– ¿No me vas a presentar a tus padres?

Lo conduje de mala gana junto a ellos. Pieter saludó a mi madre con una ligera inclinación de cabeza y dio la mano a mi padre, quien dio un paso atrás, inquieto. Desde que había perdido la vista, le intimidaban los desconocidos. Y era la primera vez que conocía a alguien interesado por mí.

– No se preocupe, Padre -musité, mientras mi madre presentaba a Pieter a una vecina-, no va a perderme.

– Ya te hemos perdido, Griet. Te perdimos en el mismo momento en que entraste de criada.

Me alivió pensar que no podía ver las lágrimas que me escocían en los ojos.


Pieter el hijo no vino todas las semanas a nuestra iglesia, pero vino lo bastante a menudo para que todos los domingos me pusiera nerviosa y me pasara todo el tiempo que estábamos sentados en nuestro banco alisándome la falda más de lo que le hacía falta y apretando los labios.

– ¿Ha venido? ¿Está aquí? -me preguntaba mi padre todos los domingos, volviendo la cabeza a un lado y al otro.

Yo dejaba que respondiera mi madre.

– Sí, ahí está -decía. O-: No, no ha venido hoy.

Pieter siempre saludaba a mis padres antes de acercarse a mí. Al principio se sentían incómodos en su presencia. Sin embargo, Pieter les hablaba con soltura, ignorando sus extrañas respuestas o sus largos silencios. Sabía cómo tratar a la gente, pues era mucha la que pasaba por el puesto de su padre en el mercado. Después de algunos domingos, mis padres se acostumbraron a él. La primera vez que mi padre se rió con algo que dijo Pieter se quedó tan perplejo que inmediatamente se puso serio, fruncido el ceño, hasta que Pieter dijo otra cosa que le hizo volver a reír.

Siempre había un momento después de haber hablado con ellos un rato en el que mis padres se retiraban y nos dejaban solos.

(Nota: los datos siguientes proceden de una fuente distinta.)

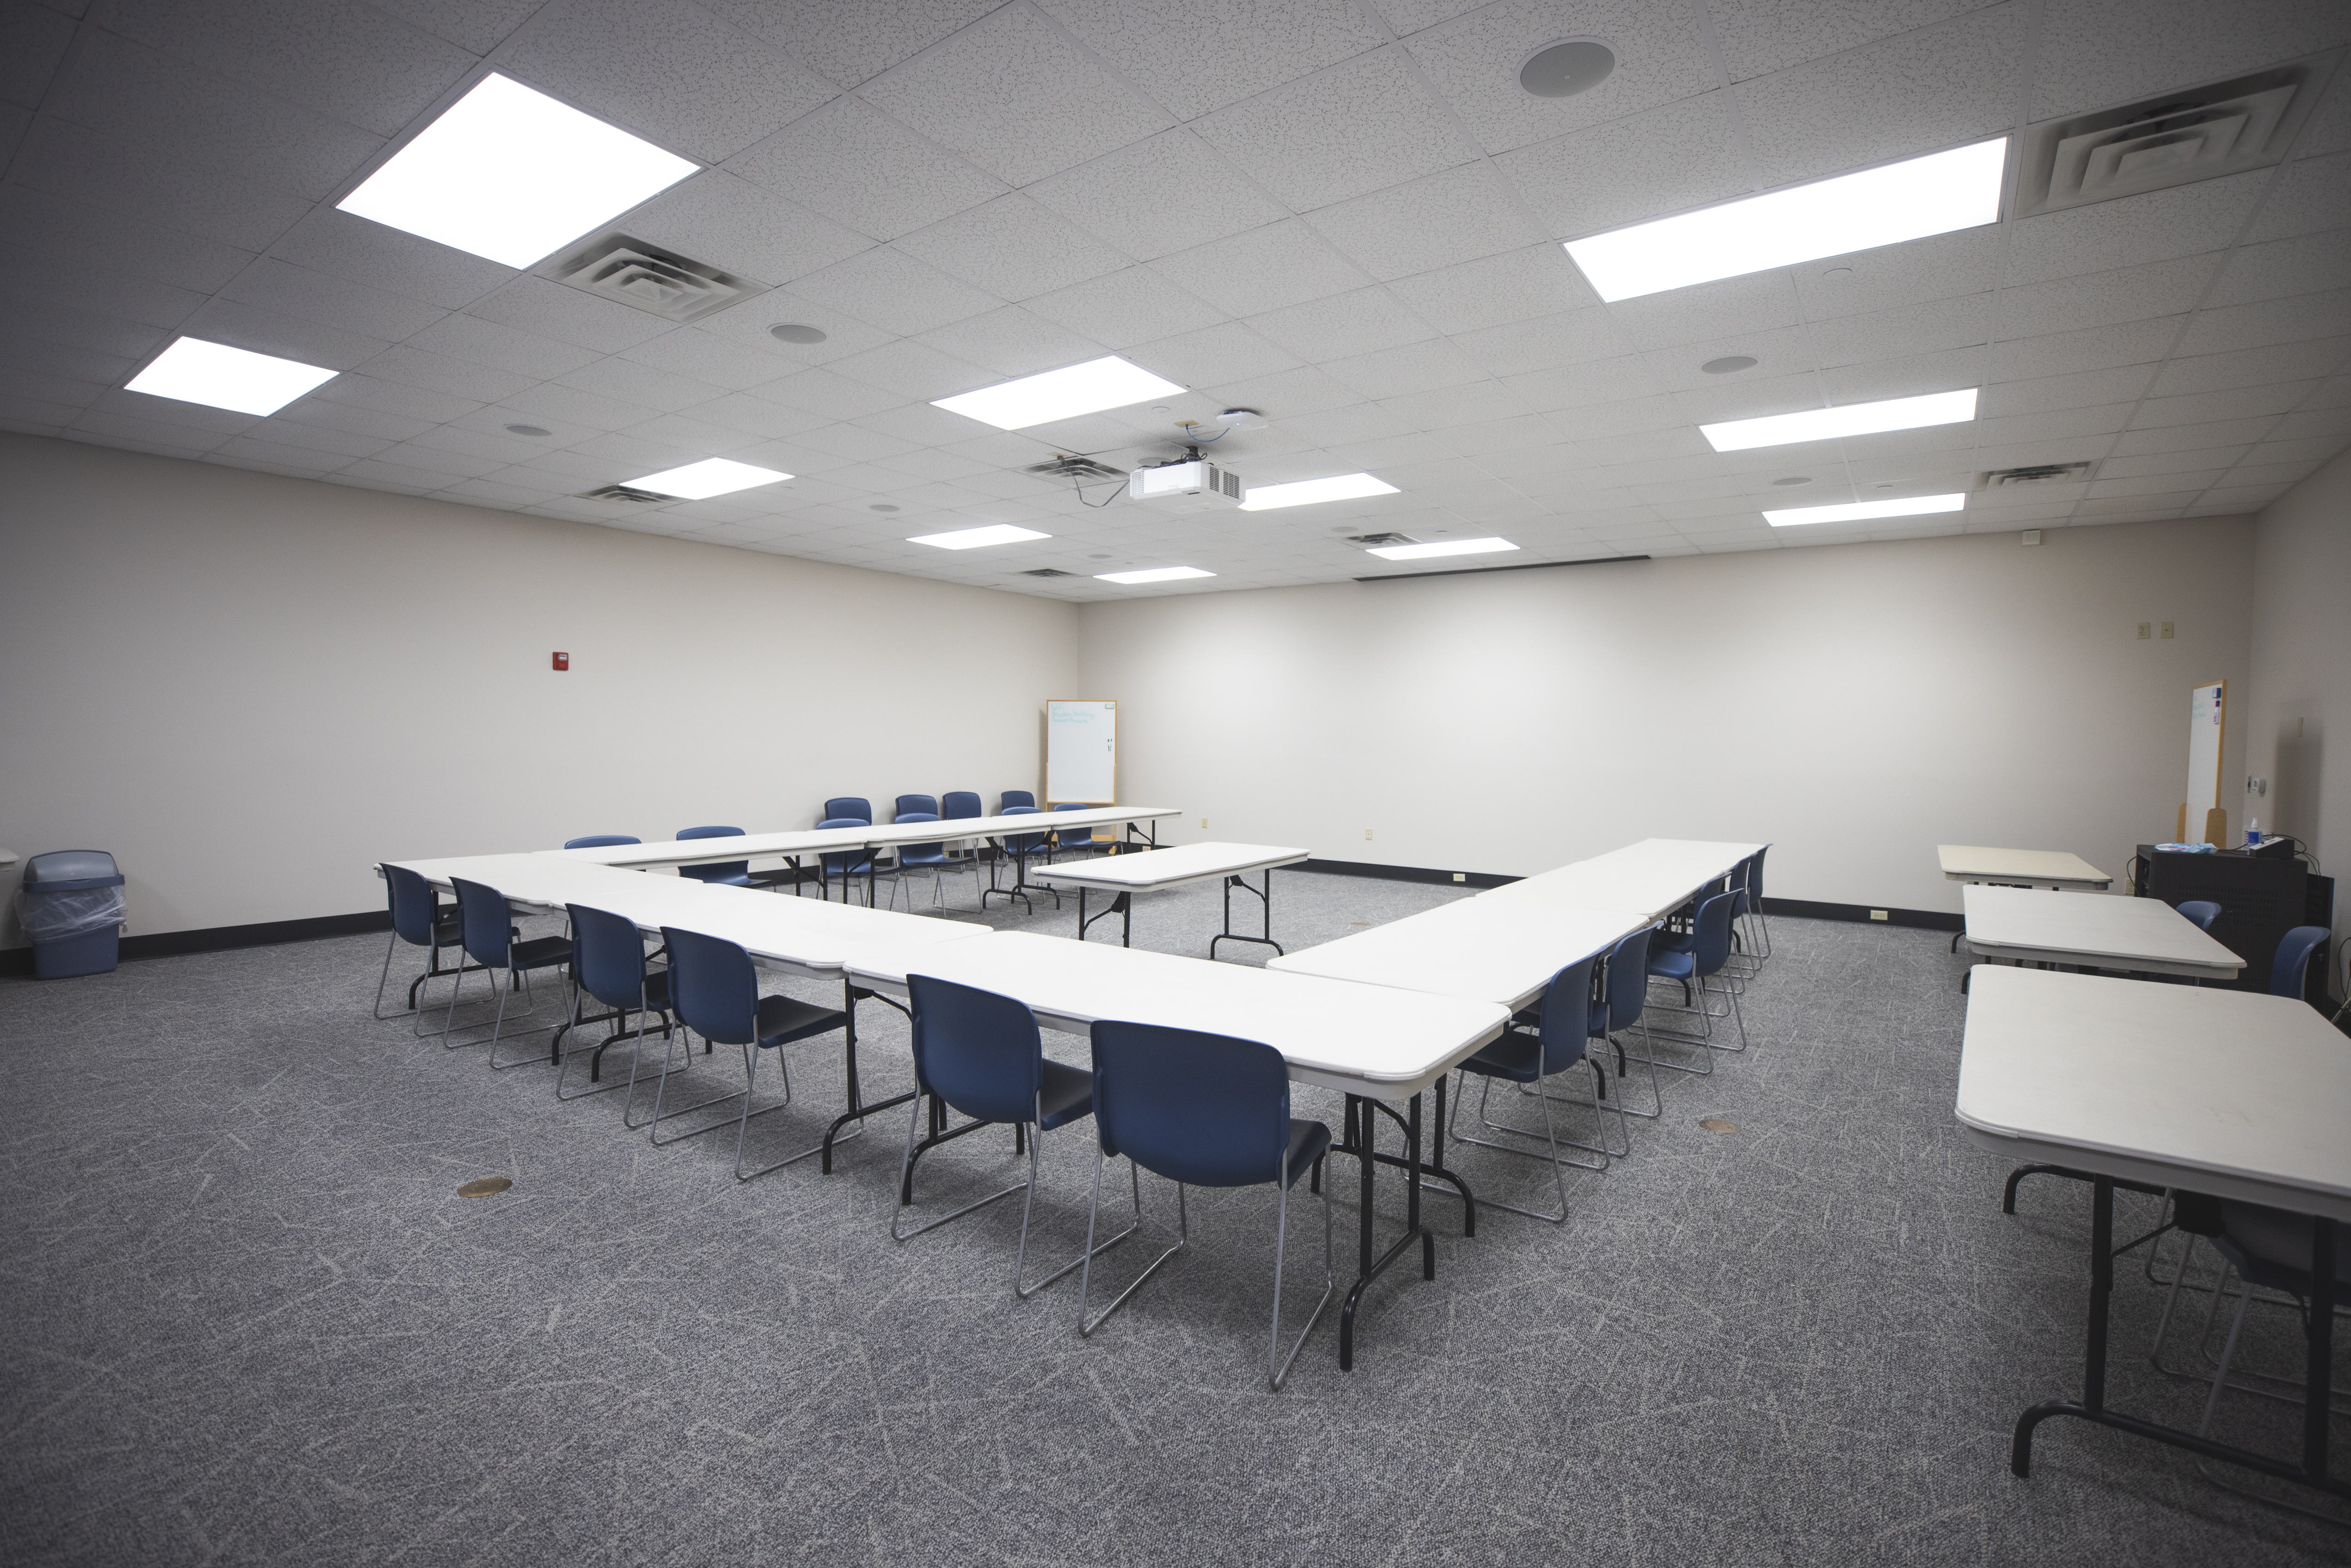 A photo of the large classroom at the Bowden Building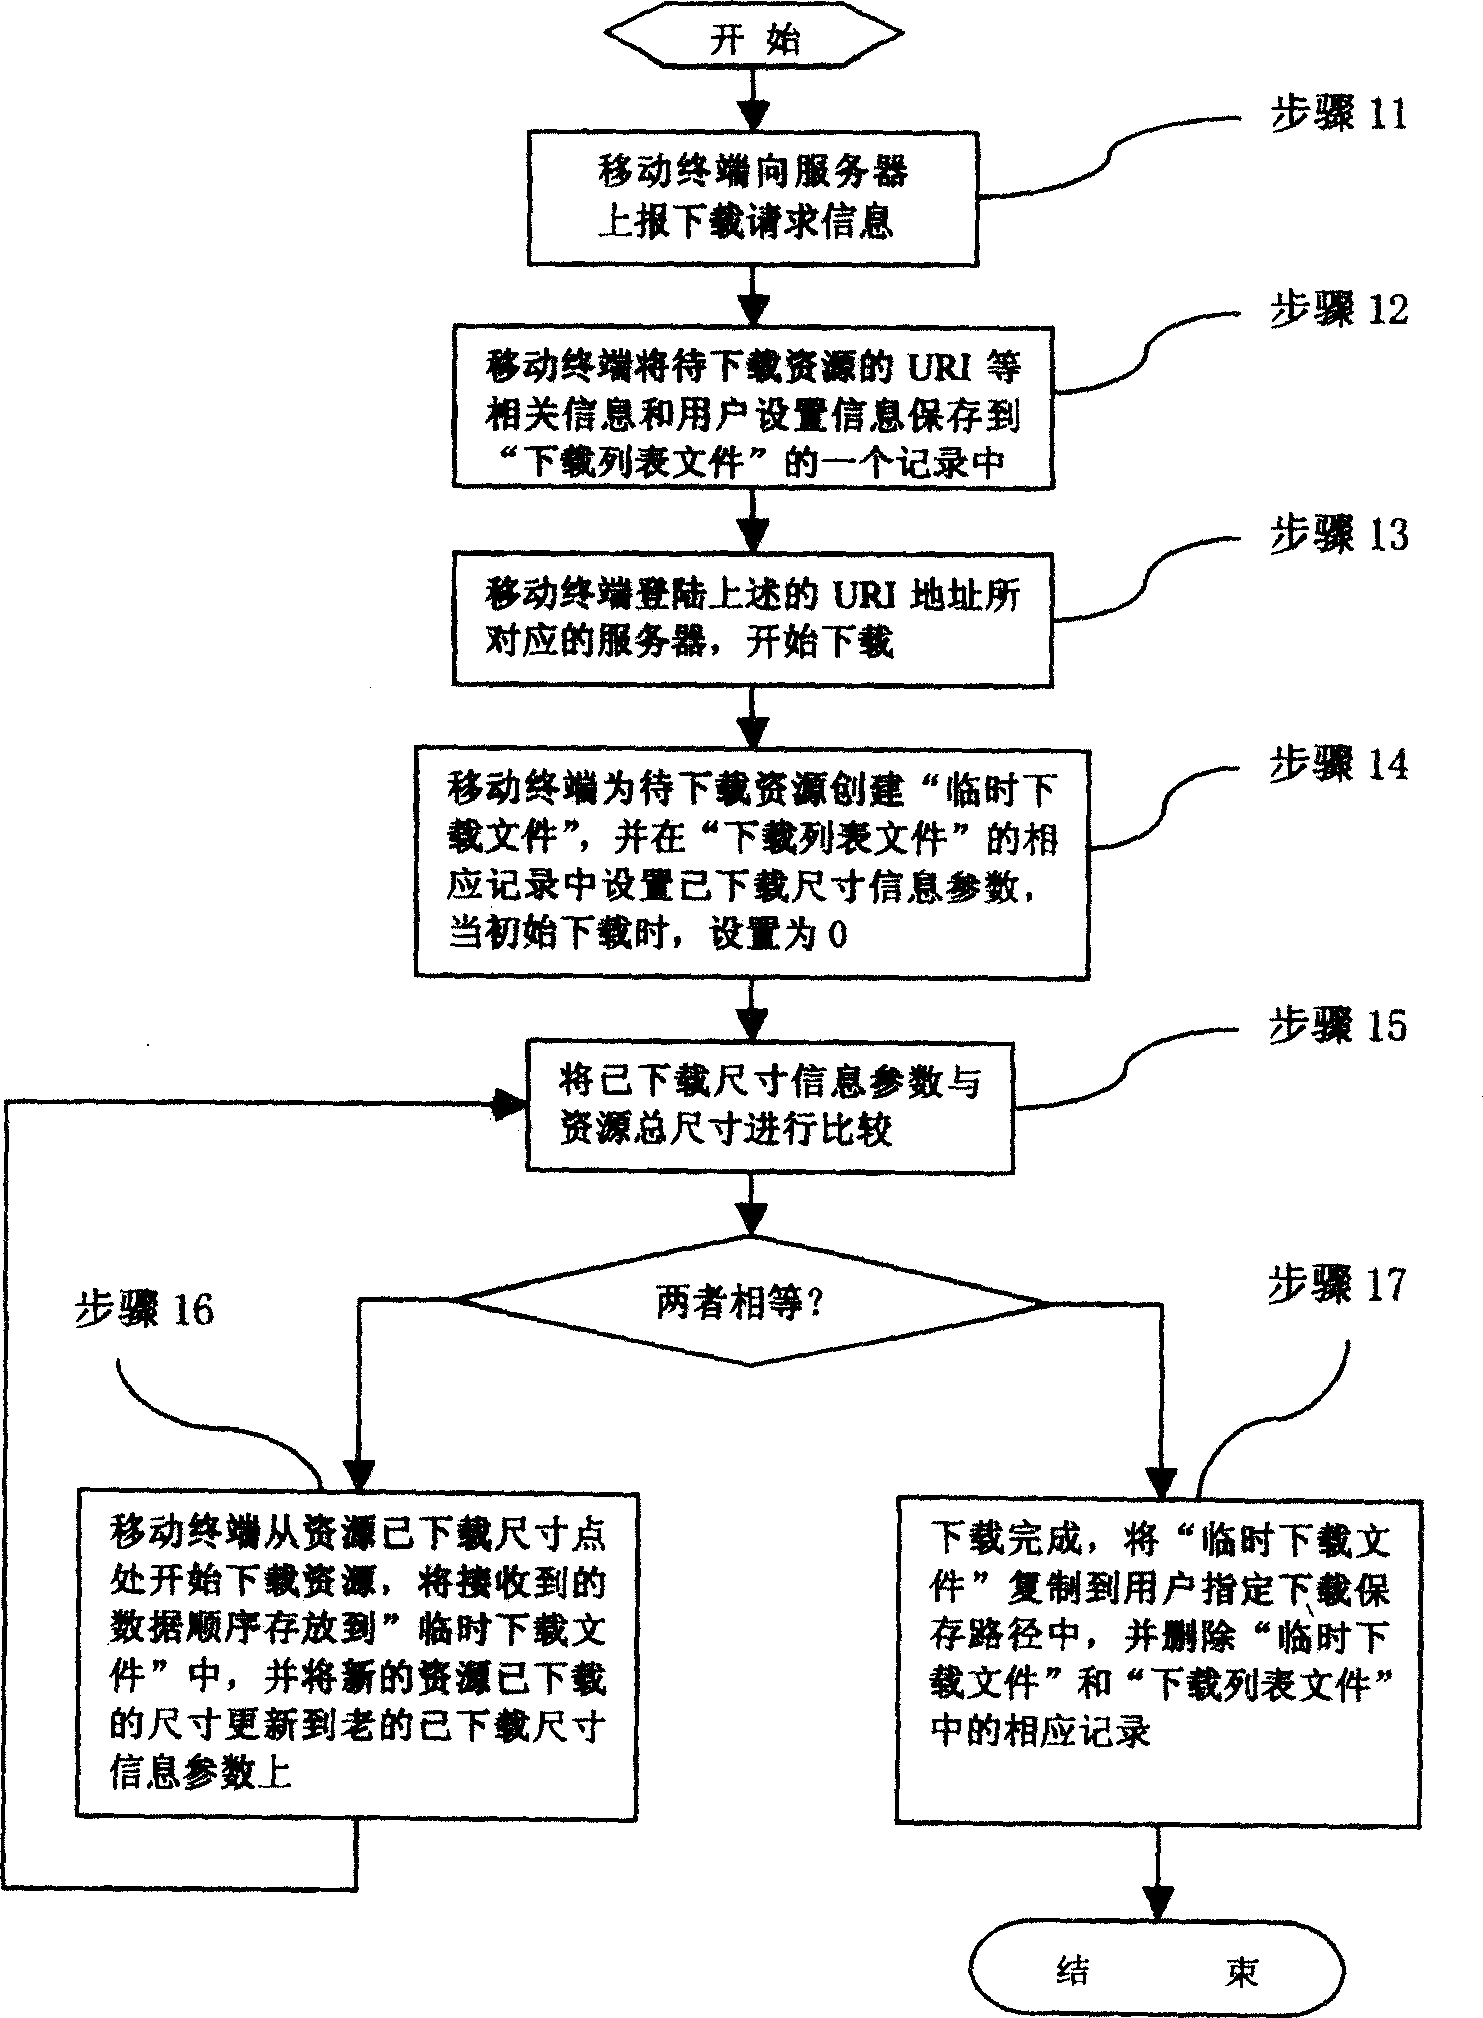 Method for down loading network resource using mobile terminal

Con gran sabiduría, Pieter dejaba que fueran ellos los que decidieran cuándo. Las primeras veces no se llegó a producir ese momento. Pero un domingo mi madre tomó a mi padre del brazo con clara deliberación diciéndole:

– Vamos a hablar con el pastor.

Durante varios domingos temí ese momento, hasta que me habitué a estar sola con él y observada por tantos ojos. Pieter a veces se burlaba un poco de mí, pero lo más frecuente es que me preguntara cómo me había ido durante la serrana o que me contara historias que había oído en la Lonja o me describiera las subastas de la Feria de Ganado. Tenía mucha paciencia cuando yo me quedaba muda o me mostraba distante y desabrida.

Nunca me preguntó por mi amo. Nunca le conté que le ayudaba a fabricar los colores. Me agradaba que no me preguntara nada.

Los domingos que venía Pieter, yo me sentía muy confusa. Me descubría pensando en mi amo cuando tendría que estarle escuchando a él.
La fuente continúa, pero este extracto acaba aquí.